Тереш пристально смотрит на нее:

– А как же я? Можно и мне твоих бессмертных персиков?

– Посмотрим, – справившись с волнением, усмехается девочка. – Сперва ты должен принести мне кое-что.

– Ты только скажи что.

Краем глаза Хан видит, как Молин заговорщически переглядывается с сестрами. Сейчас что-то произойдет.

Анни просовывает загорелые ноги в теннисную юбку:

– В следующий раз наша очередь, так? И наше место. Не думай, что у нас нет своего тайного места, – сверкает она глазами на Йеспера. – Что вы делаете в субботу?

Мальчики ничего не делают в субботу: «Ничего не делаю, абсолютно ничего, сейчас посмотрю в блокноте – ничего!»

– Нас на неделю отправят в деревню. На грядки. – Анни выгибается, опершись на лопатки, и натягивает юбку на зад. – Но в субботу вечером мы можем встретиться на пляже, да?

– Конечно. Да, конечно. Сто процентов, – наперебой отвечают мальчики.

В руке у Шарлотты звякает кошелек.
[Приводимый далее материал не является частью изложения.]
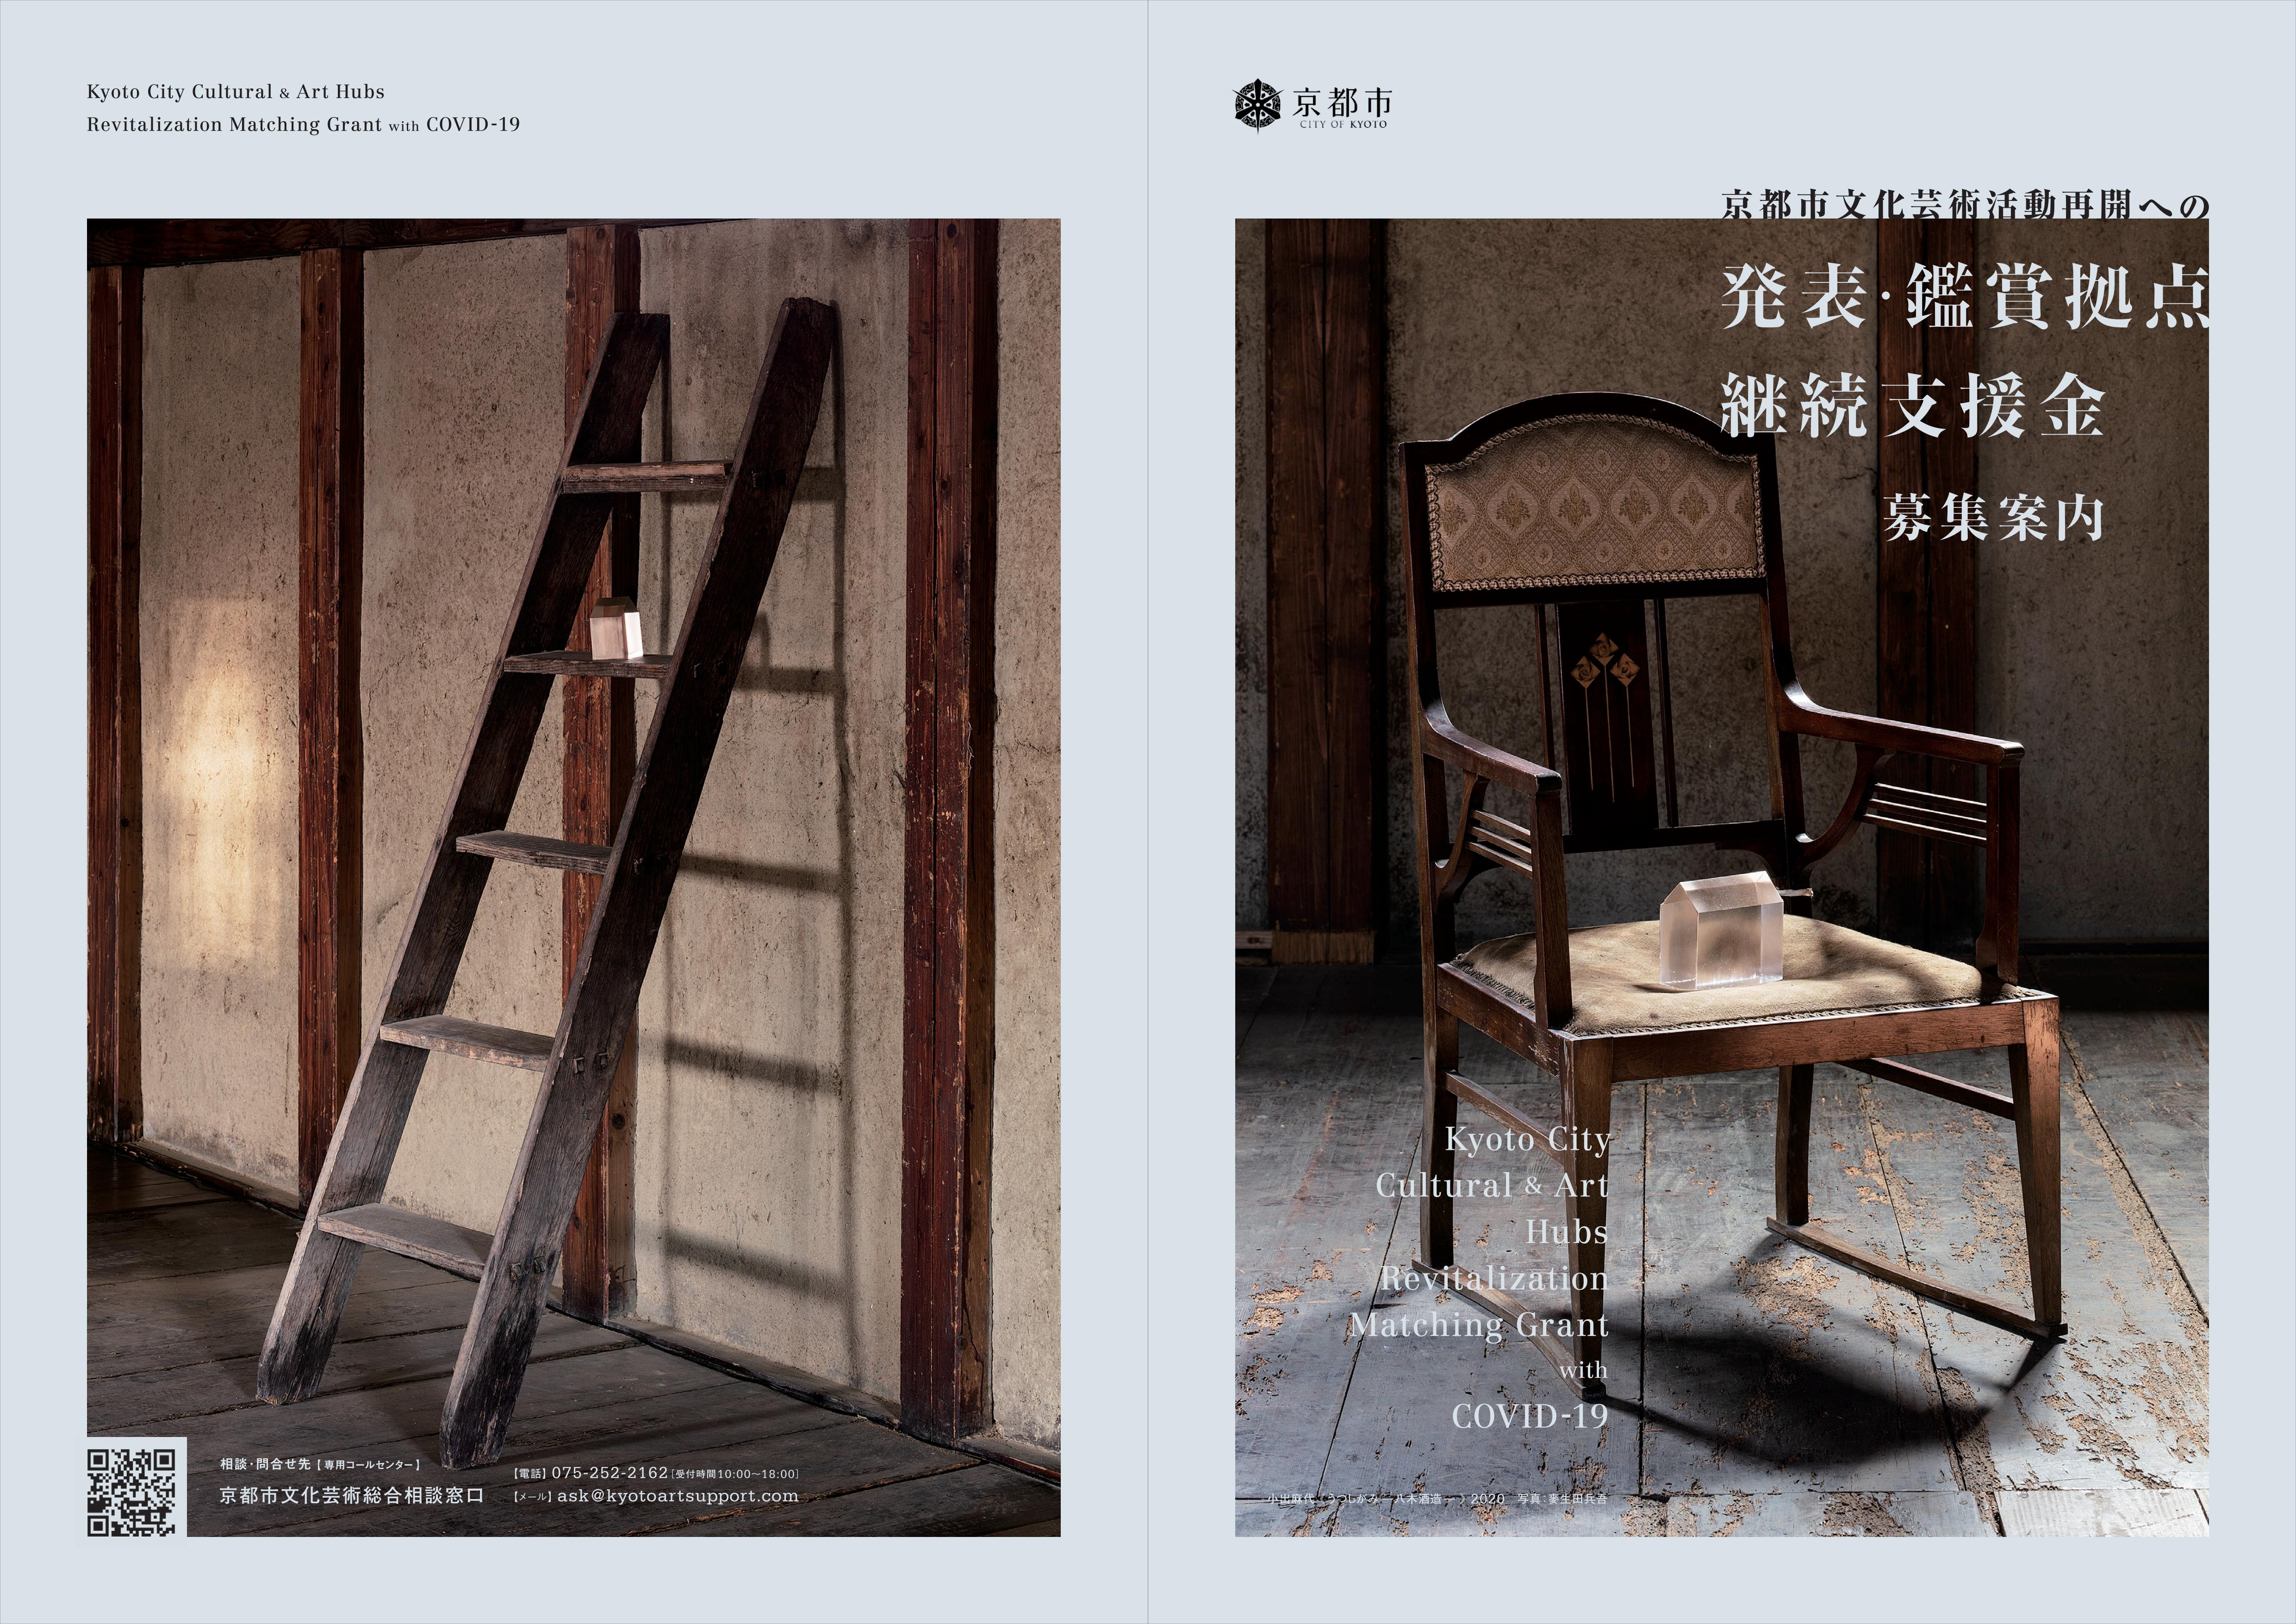 「京都市文化芸術活動再開への発表・鑑賞拠点継続支援金」リーフレット

Взгляды девочек снова чертят между мальчиками линии, как в тригонометрии. Дождь перестал, но в воздухе тут и там еще сверкают отдельные капли. Яркое солнце выходит из облаков, и, окруженная его лучами, богиня из девятого класса закрывает руками уши маленькой Май, а потом, прищурясь, смотрит на мальчиков:

– Вот наша часть. Принесите вишневые спиды.

– Что? – разевает рот Йеспер.

Крас-ны-е-спи-ды, – произносит Анни. Ее розовый язык отскакивает от нёба на последнем слоге.
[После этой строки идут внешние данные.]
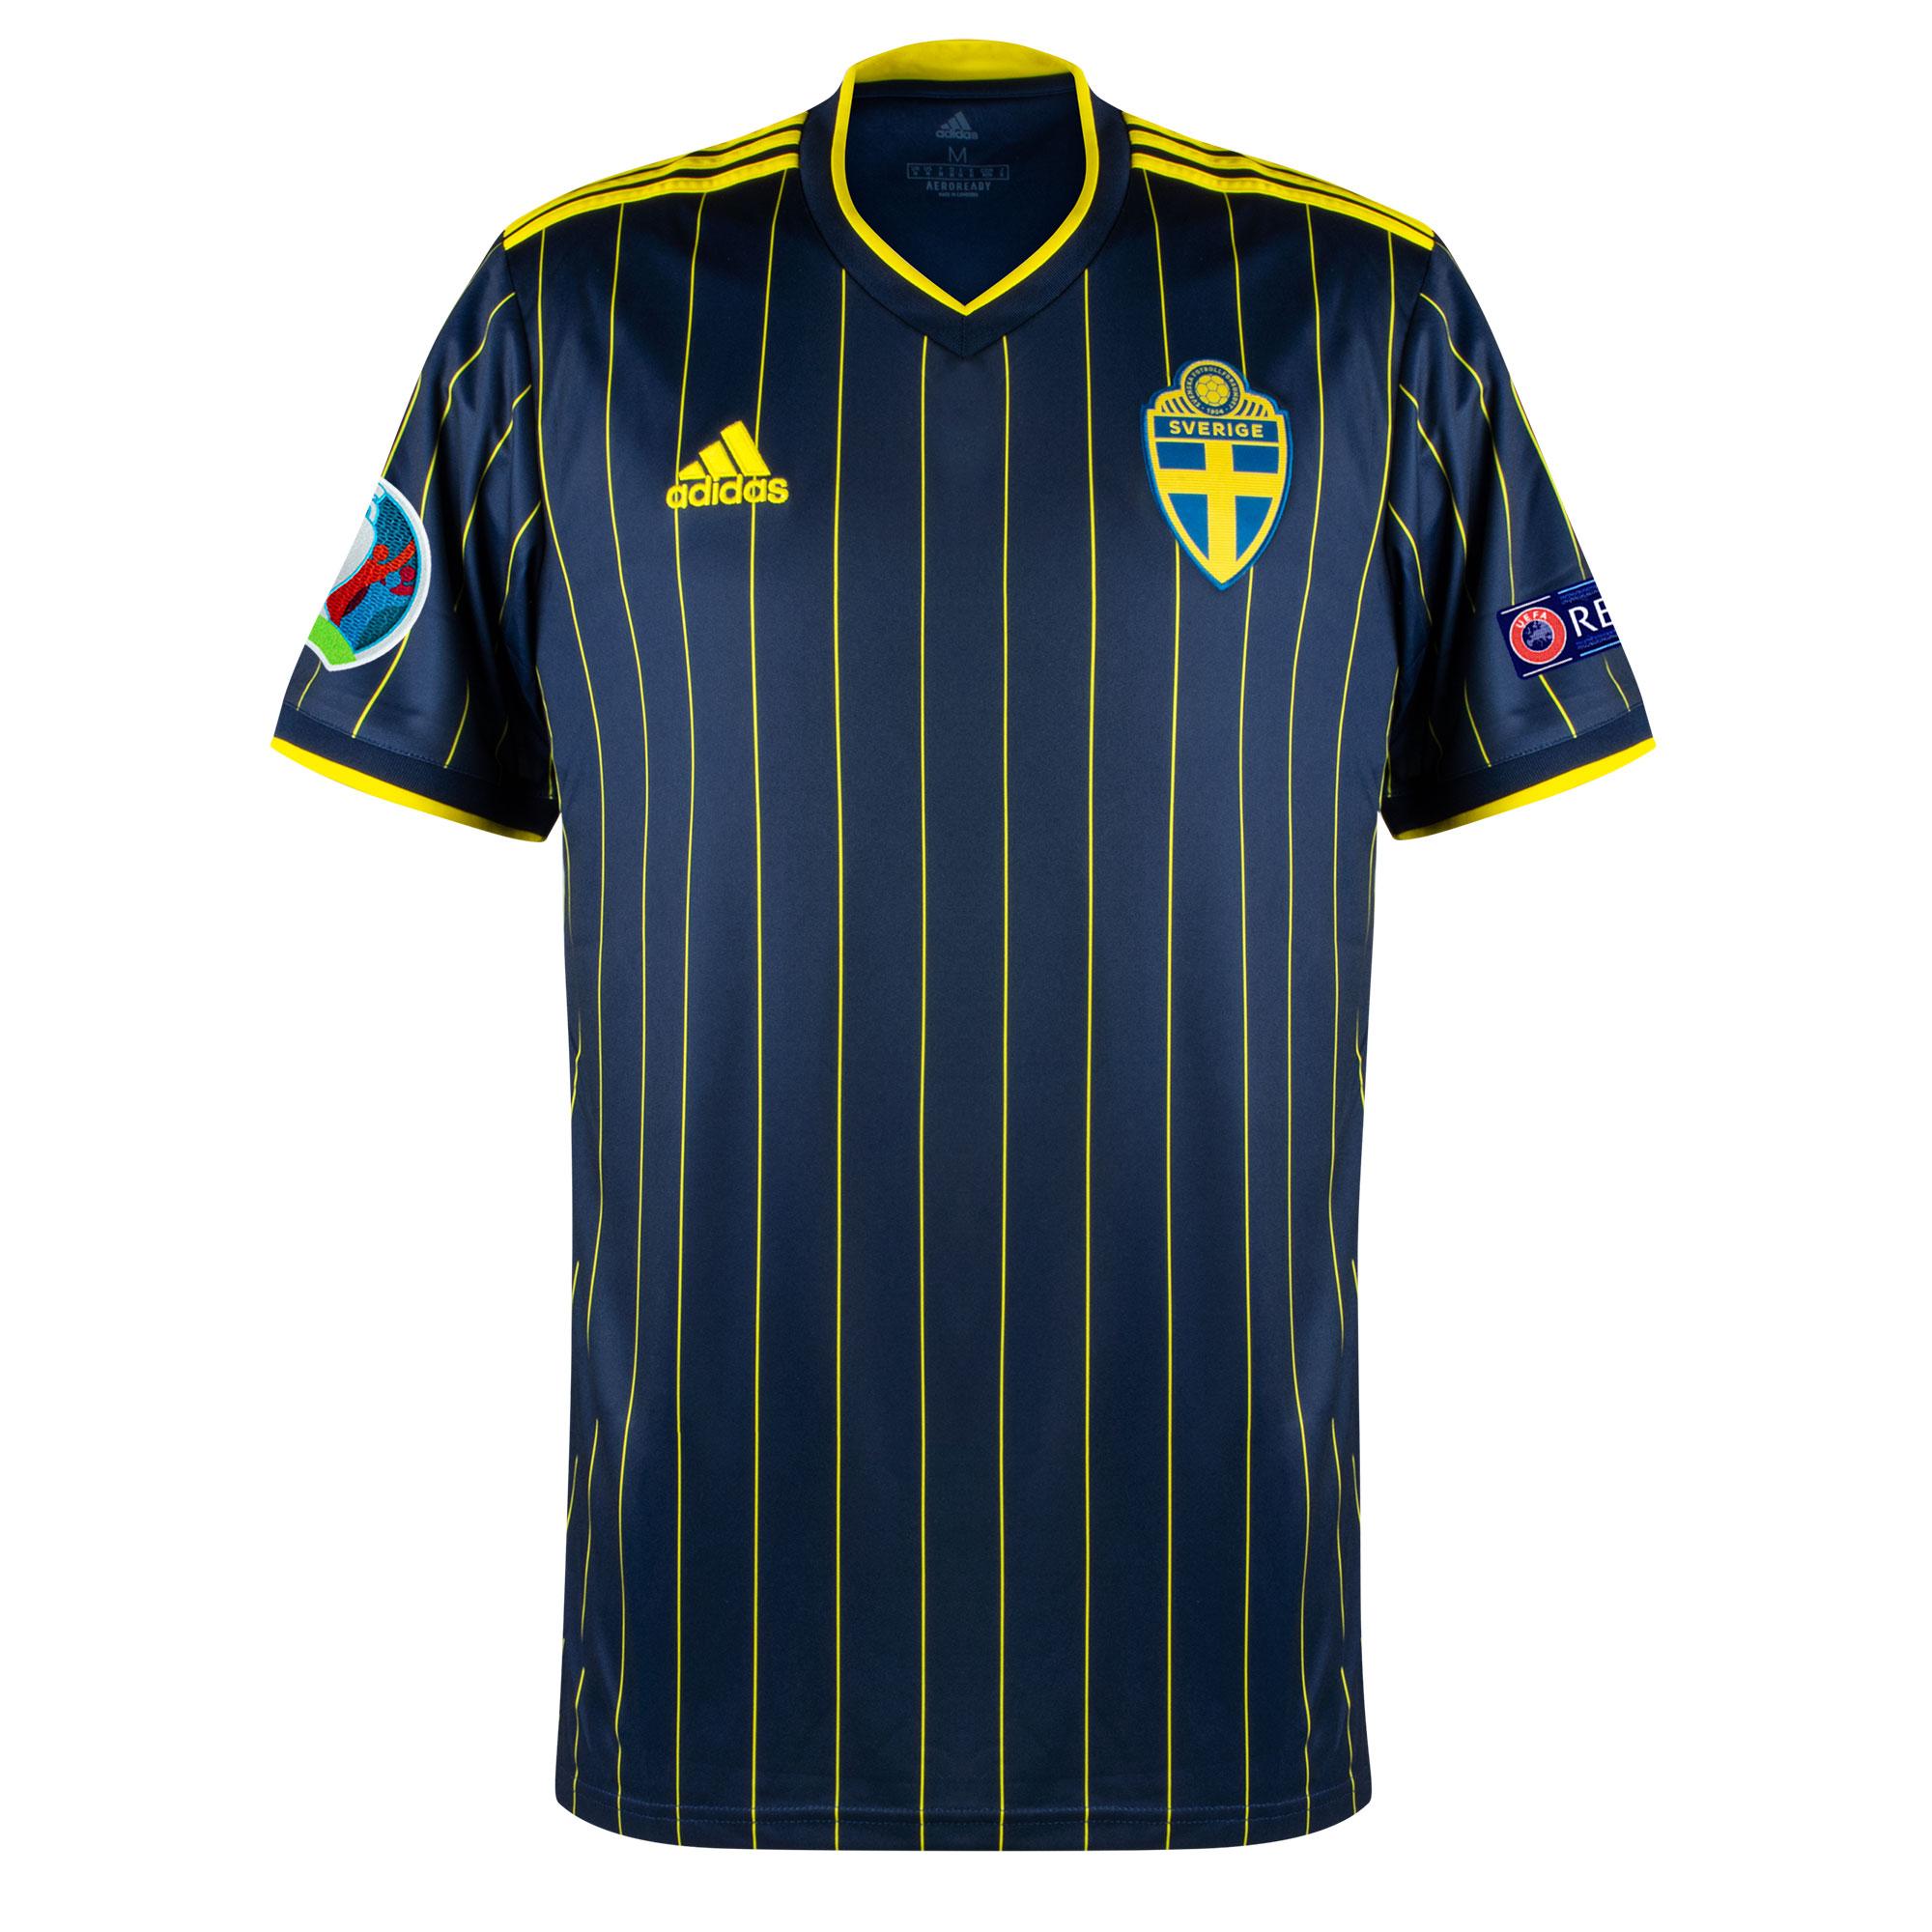 adidas Sweden Away Shirt inc. Official Euro 2020 & Respect Patches

– Это как амфетамин, – поясняет Шарлотта будничным тоном. Ее округлая грудь поднимается и опускается, когда она говорит. – Только как бы… особенный. Самый лучший. И мы хотим закинуться с вами вместе.

Тишина.

От нагретых солнцем мокрых кустов шиповника идет пар.

В небе неподвижно висит орлан-белохвост.

– Май ведь останется дома, да?.. – На голове у Тереша всё еще торчат смешные косички. Хан и Йеспер смотрят, как он достает из пачки «Астру», сидя рядом с Шарлоттой.

– Конечно, дурачок!

– Тогда davai,– говорит он, – давайте так и сделаем!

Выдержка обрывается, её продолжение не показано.